→ **WORK TO BE COMPLETED**
Pictures stay out of the copy, and everything else in the data below is repeated exactly.

→ **PROVIDED MATERIAL**
■ ■ ■

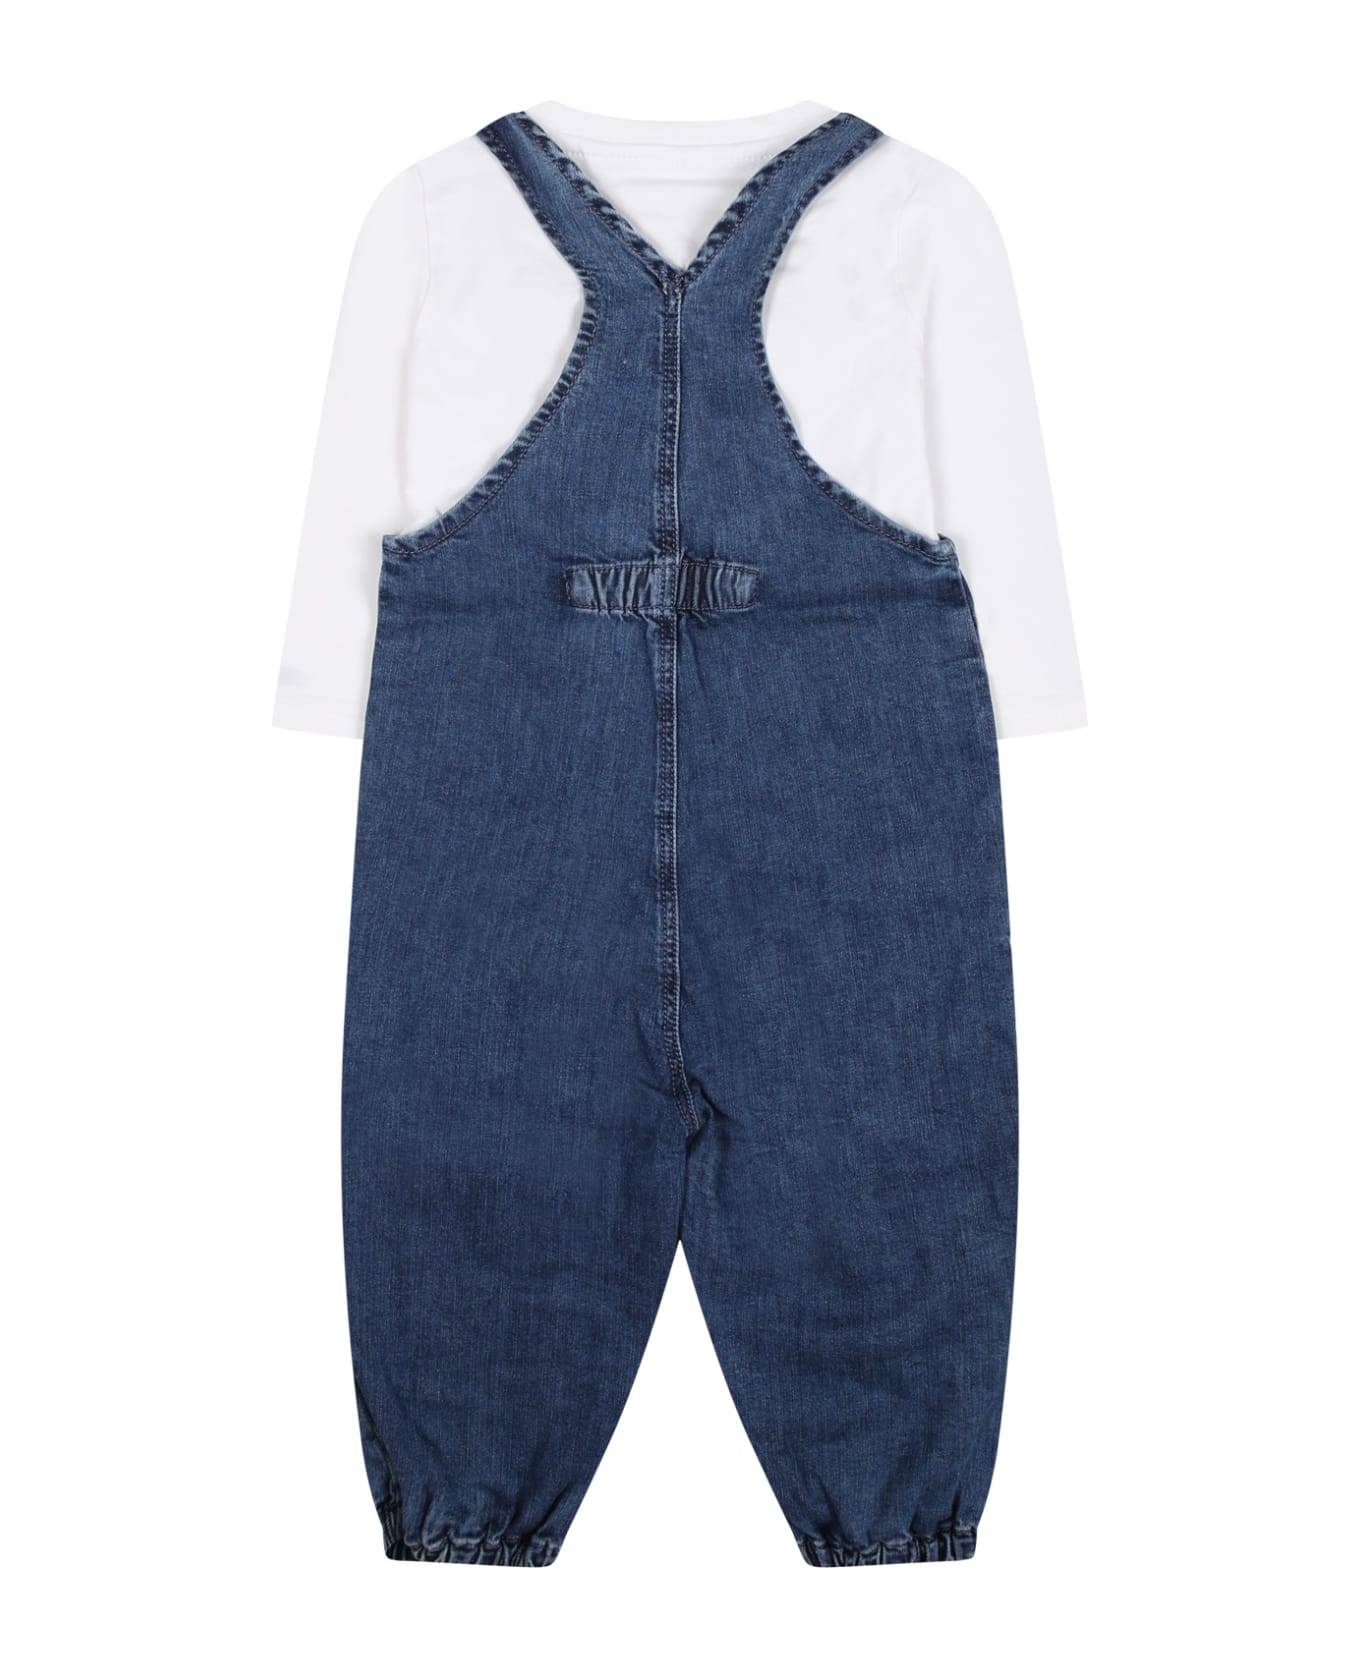 Tommy Hilfiger Denim Dungarees For Baby Boy With Iconic Flag - Denim
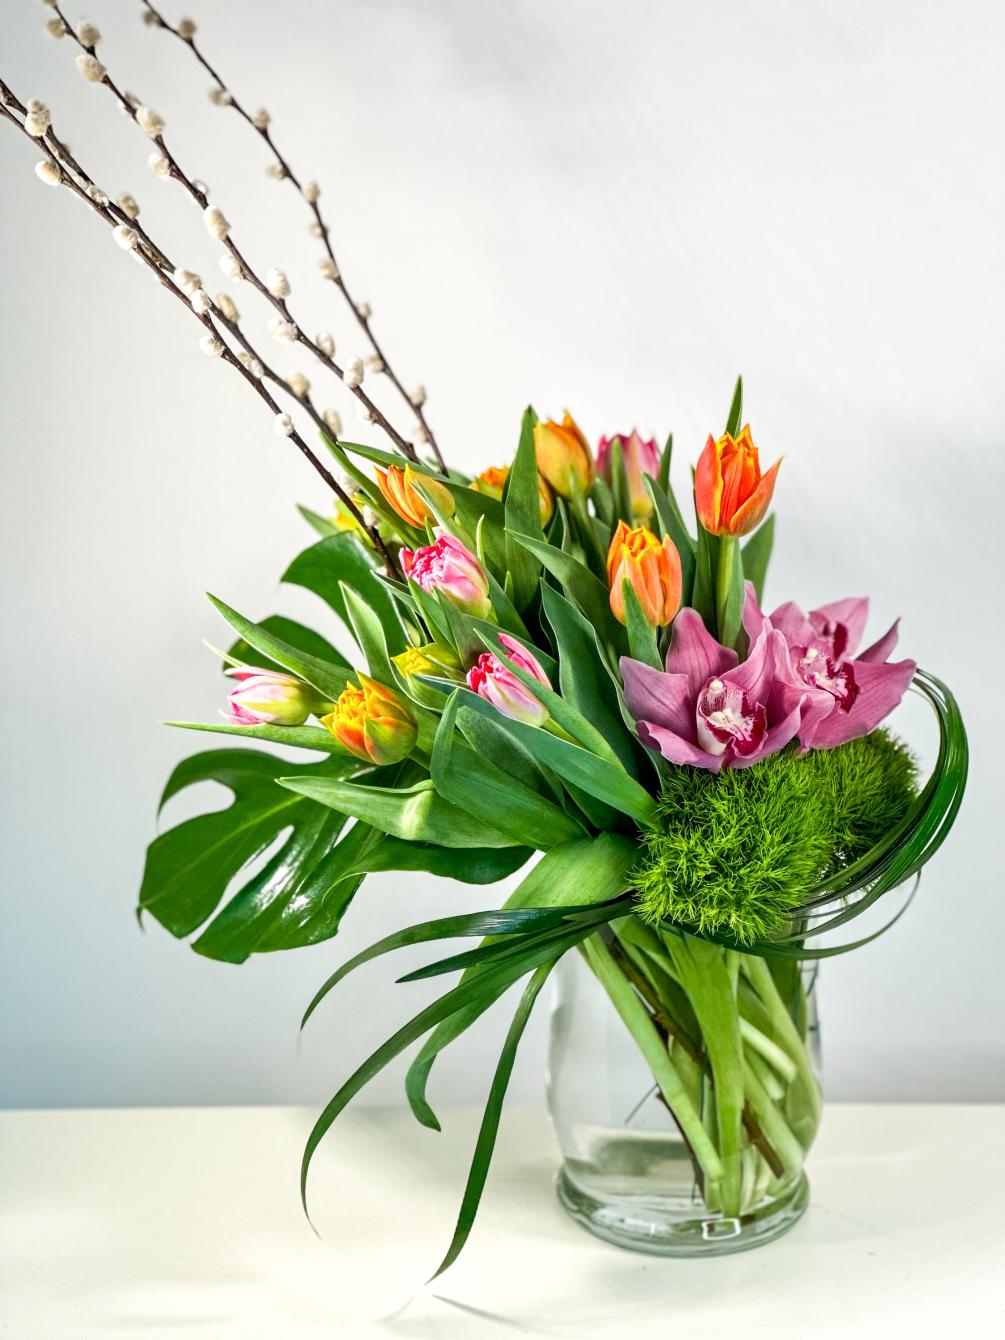 Playful combination of Tulips, Green Trick, and Cymbidium Orchid in a glass
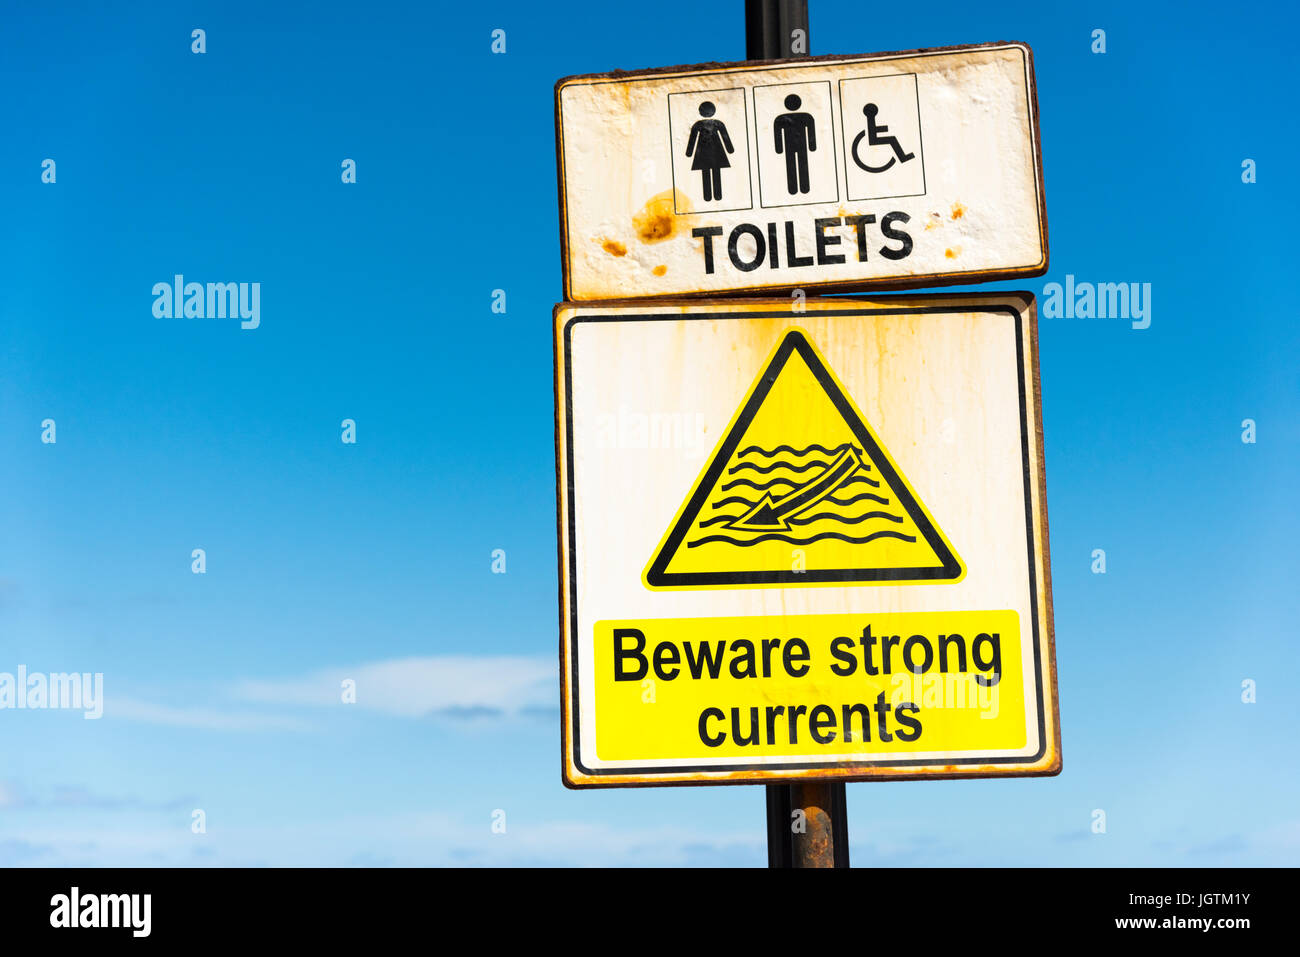 A sign warning of strong currents and dorections for toilets at St Julians Malta Stock Photo

■ ■ ■

→ **FINISHED TASK**
 Tommy Hilfiger Denim Dungarees For Baby Boy With Iconic Flag - Denim
 Playful combination of Tulips, Green Trick, and Cymbidium Orchid in a glass
 A sign warning of strong currents and dorections for toilets at St Julians Malta Stock Photo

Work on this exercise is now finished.